Meine persönlichen Highlights: der Blick hinter Warhols Pop-Art als Illustrator und Kurator mittels einer irrsinnigen Vielfalt an Medien inklusive dem Medium Film sowie seine bunten Schuhskizzen.
Weltmuseum / Die Azteken: 15. Oktober 2020 – 22. Juni 2021
Auch wenn das Reisen immer noch stark auf „Reisen im Kopf“ reduziert ist, so entführt uns derzeit das Weltmuseum auf eine spannende Reise, nämlich rund um die sagenumwobene Kunst und Kultur der Azteken, welche vor 500 Jahren, als der spanische Eroberer Hernán Cortés die Küste Mexikos erreichte, einen großen Teil Mesoamerikas beherrschten. Im Fokus der Ausstellung stehen Tribute und Opferungen, die einen wichtigen Platz im religiösen und wirtschaftlichen Leben der Azteken bildeten. Beginnend mit der Peripherie des aztekischen Reiches und der kulturellen Vielfalt Mexikos, führt sie bis in den heiligen Bezirk der Hauptstadt Tenochtitlán, die als Drehscheibe sowie als religiöses und kulturelles Zentrum des Reiches fungierte. Gezeigt werden mehr als 200 Objekte und Leihgaben aus mexikanischen und europäischen Museen, unter anderem aus dem Museo del Templo Mayor und dem Museo Nacional de Antropología in Mexiko-Stadt.

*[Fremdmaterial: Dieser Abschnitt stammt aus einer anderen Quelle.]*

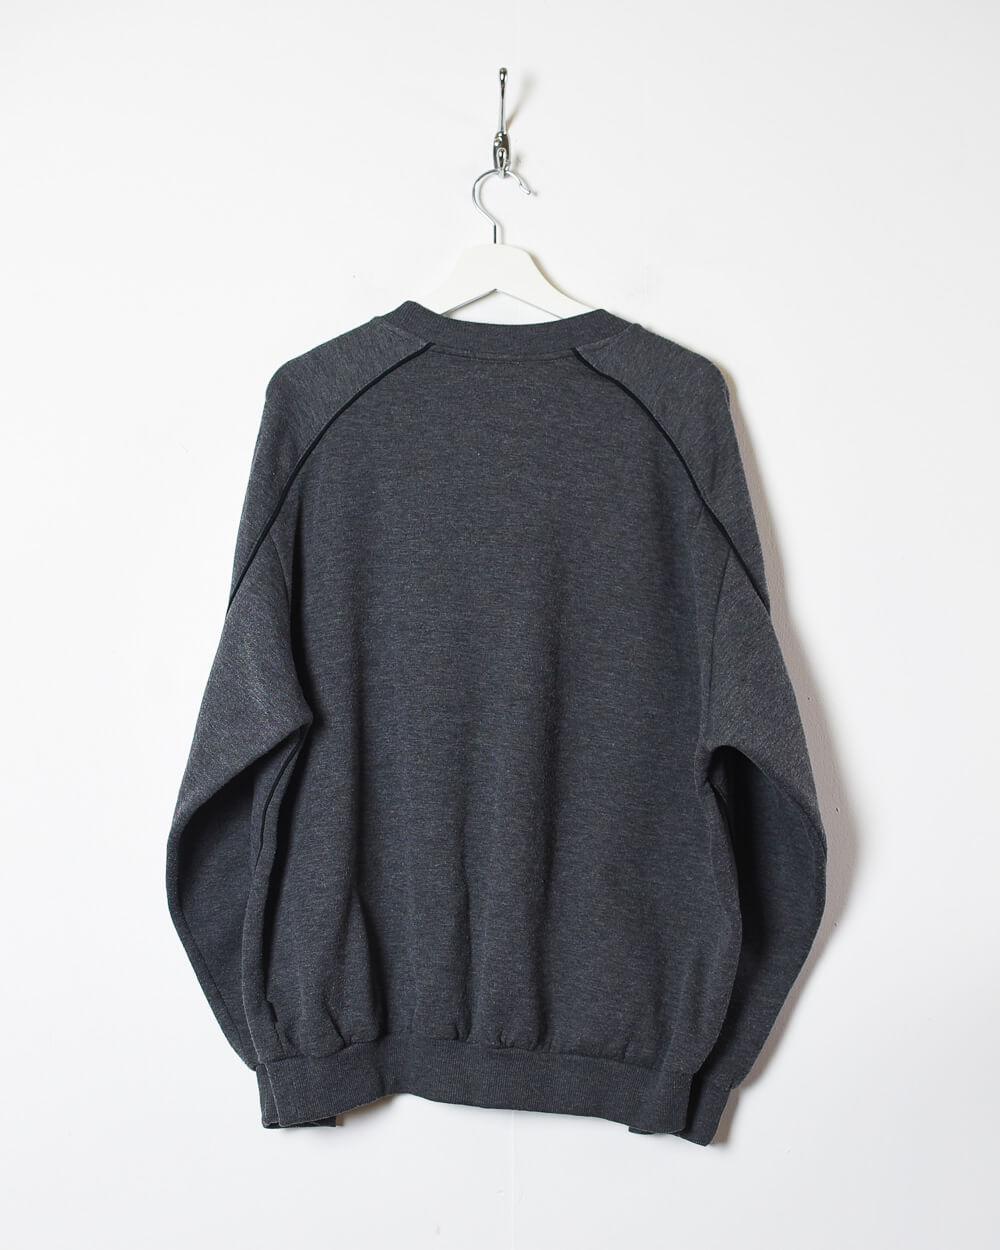 Grey Umbro Sweatshirt - Large

Mein persönliches Highlight: die Tatsache wie modern und vor allem luxuriös schon damals das Leben in der Hauptstadt Tenochtitlán war.
Wien Museum MUSA / Im Schatten von Bambi. Felix Salten entdeckt die Wiener Moderne: 15. Oktober 2020 – 19. September 2021
Diese Ausstellung blickt geschickt hinter die Kulissen des Welterfolges des 1922 erschienenen Romans „Bambi“ von Felix Salten, welcher zum Welterfolg wurde und zeigt auf, dass der Autor dieses Buches darüber hinaus als einflussreicher Journalist, mächtiger Kulturkritiker, experimentierfreudiger Theatergründer, umstrittener Literaturfunktionär und Mitstreiter des literarischen Netzwerks Jung-Wien ein bedeutender Protagonist des kulturellen Lebens der Wiener Moderne war. Die Jubiläumsausstellung findet anlässlich seines 75. Todestags (auf Basis seines Nachlasses) sowohl im Wien Museum als auch in der Wienbibliothek im Rathaus statt.